Overview

Boy oh boy, where to begin with grep. This one took me down a rabbit hole. Not the examples, or how-to-use, but the history, which I’ll get to in a moment. grep is one of those tools that I feel has always been there; like with ls and cd. It is a command I’ve come to rely on for almost anything I do on the command line. If you haven’t used grep before, let me say this: grep is powerful, like SUPER powerful. It’s so vast and complex that people have written multiple books about it. So before we dive in, remember that this is an overview. It won’t cover everything, because I cant. But I hope to give you some building blocks to which you can use to build greater things.

Now for a Bit of History

The more I dove into the history of grep the more I kept digging, as I found it extremely captivating. You might not be interested in it at all >.> so before we dive into the history, I’m giving you a chance to click on a link to a new section.
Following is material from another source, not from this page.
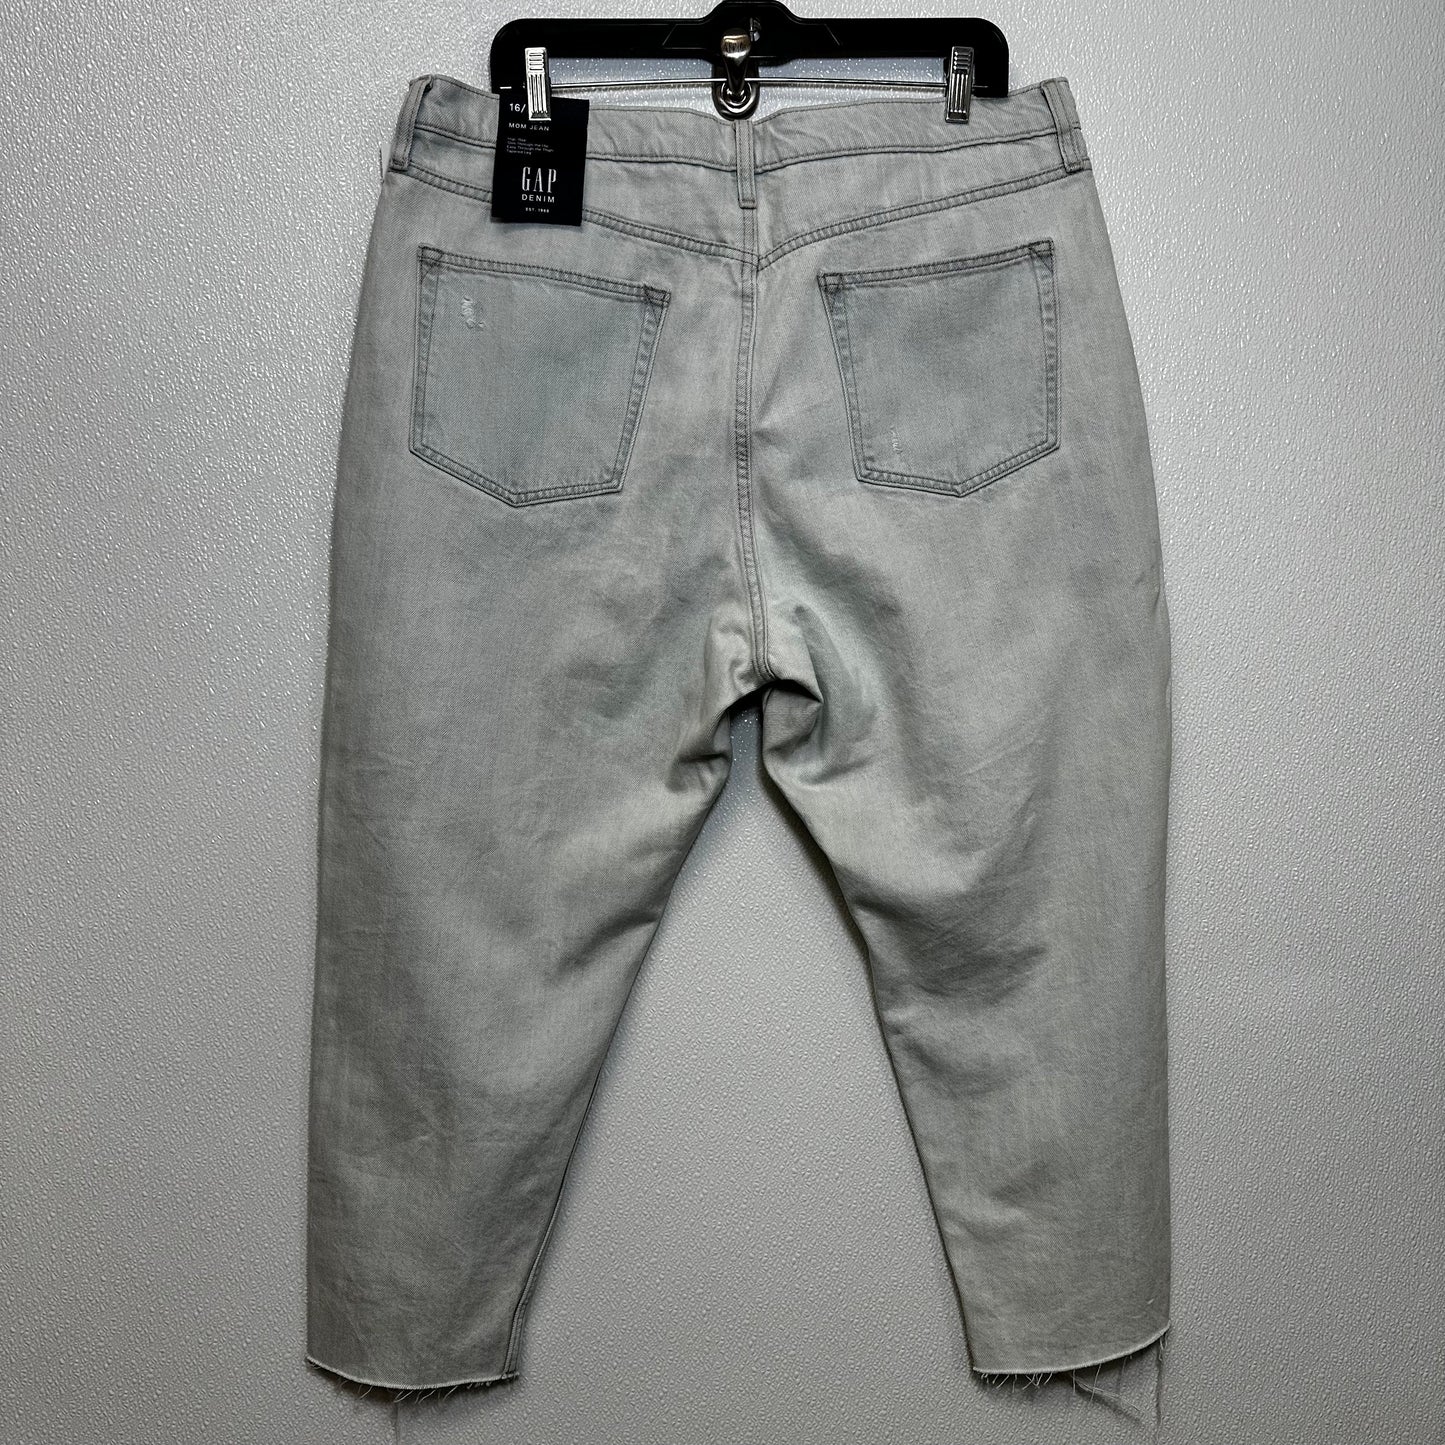 Denim Jeans Relaxed/boyfriend Gap, Size 16

Jump to usage, or maybe you want to jump to grep alternatives and variants, or you can just skip right to the examples.

You still here? Last chance! Okay…here we go.


The original utility was created by Ken Thompson back at Bell Labs in 1975. The man page for it is still available online. While not true, grep does have a history of being created overnight, but we’ll circle back to that in a moment.

Part of the core functionality for grep was part of the ed text editor (also developed by Ken Thompson). The issue with ed and searching for regular expressions is that you couldn’t do it with large files due to the fact that the data was held in memory. Thompson had the idea to strip that functionality out into its own separate program. He kept it to himself and called it s (for search) or something similar (classic Unix command names). When Unix was being heavily developed, Thompson didn’t want to be the benevolent dictator for life. He wanted to make sure that there as a consensus, or an agreement between the other developers of what would be put in the /bin directory. So he kept it to himself, in his own directory.

His boss, Doug McIlroy, came to him and said it would be wonderful if there was a program to search through files. Ken said he think about it over over night, and would try to come up with something. >.> He took his code, and fixed up the bugs he meant to fix. About an hours worth of work, and the following day presented it to Doug McIlroy. Ecstatic about this, it was put in the /bin directory.

Afterwards, an actual name for the program needed to be created. This comes back to the ed text editor. In ed, there’s command g for global. So you can type g/stuff/d and it will search globally, find stuff and the d is for delete. If you can see where this is going, you can use p for print, and stuff can be any regular expression. So it comes to g/re/p global / regular expression / print, and thus the name stuck.

Remember, this is for the Unix operating system. This is proprietary software. Now comes along the GNU Foundation. They want to make a free (as in freedom) and open source replacement for Unix software without copying its proprietary source code. I don’t know too much history about GNU grep but know that Mike Haertel created the GNU version sometime in 1988. However, there is a mention of grep in the January 1987 issue of GNU’s Bulletin.

Then comes the BSD version of grep. I know, I know. If you’re curious about which version you’re using you can type grep -v and it will tell you if you’re using a BSD version or the GNU version. The earliest I can find this version is ~2001 from the OpenBSD repo. The version of grep in FreeBSD comes from a project called freegrep, created by James Howard, and the OpenBSD version. As of this writing, grep on FreeBSD has almost exactly the same functionality as GNU grep, except it’s under a BSD licence instead of the GPL.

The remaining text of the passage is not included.